On the other hand, I'm sure someone in the Pentagon has a friend or relative that needed cash so put out a bid on something like this despite the extremely obvious dangers.

Re:Works as intended, DreamHammer is dangerous! (1)

Eponymous Hero (2090636) | more than 2 years ago | (#40029291)

a universal remote for war toys? what could possibly go wrong? it's not like anyone's abused a universal remote for something else. and these exclusive relationships we're locked into... what happens when the honeymoon's over? are we on a subscription? do they just hand the remote over to north korea if they pay more? do they have a backdoor override on everything?

And what happens if we fight over the remote? (0)
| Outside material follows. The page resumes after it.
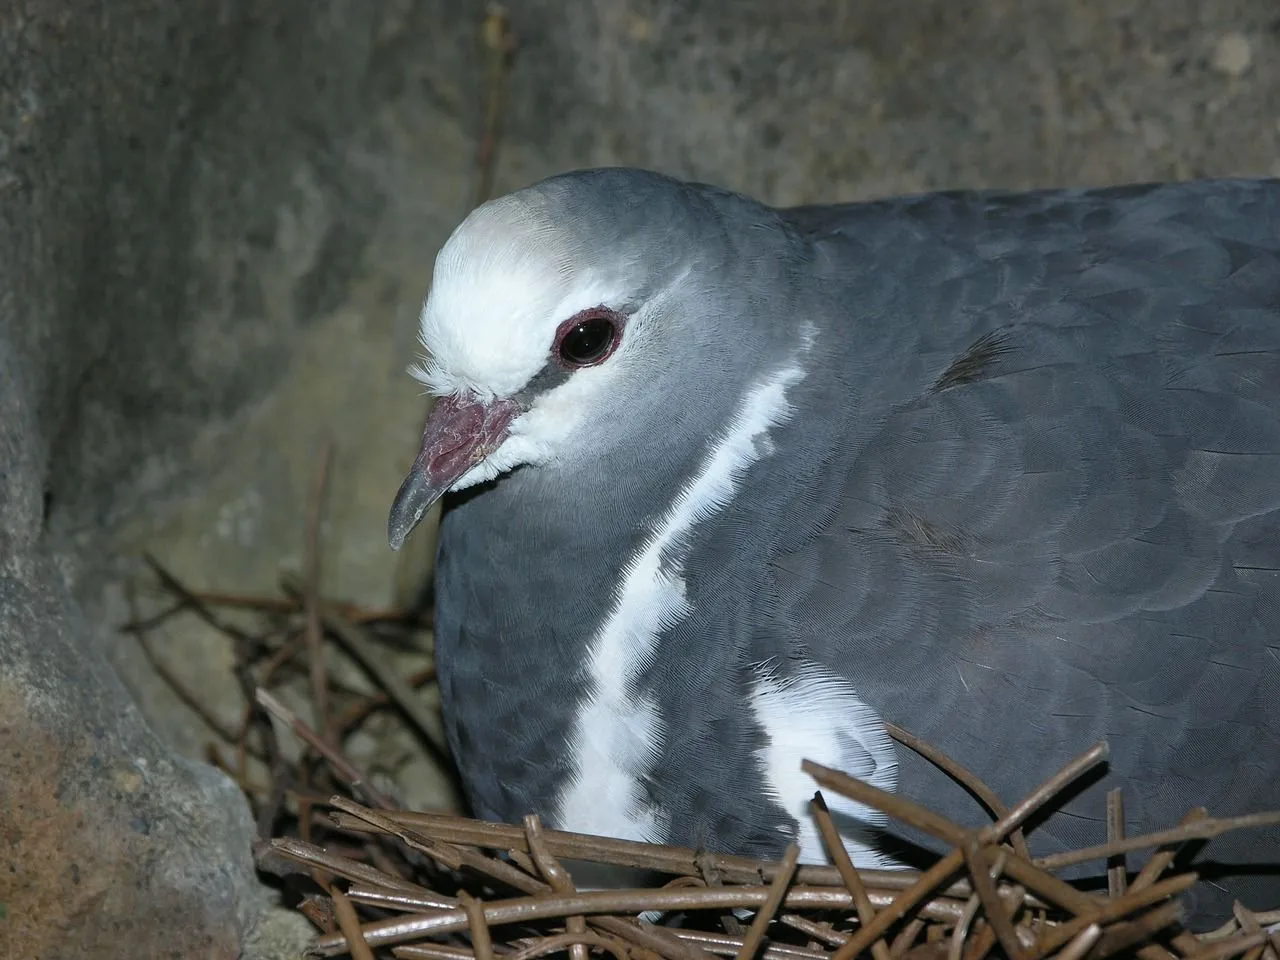 Doves usually lay two eggs per clutch.

Anonymous Coward | more than 2 years ago | (#40029503)

I Love Lucy?
Dukes of Hazard?

Re:Works as intended, DreamHammer is dangerous! (0)

Anonymous Coward | more than 2 years ago | (#40029311)

Based on your argument creating the protocol TCP/IP was a bad idea for the federal government too.

Re:Works as intended, DreamHammer is dangerous! (2)

s.petry (762400) | more than 2 years ago | (#40029513)

I guess you lack any knowledge regarding how the Government communicates over TCP/IP. Encryption hardware is not shared between sites. Access is takes multiple parties to configure. Everyone knows how TCP/IP is unsecured by itself, which is why we have encryption that sits over the top.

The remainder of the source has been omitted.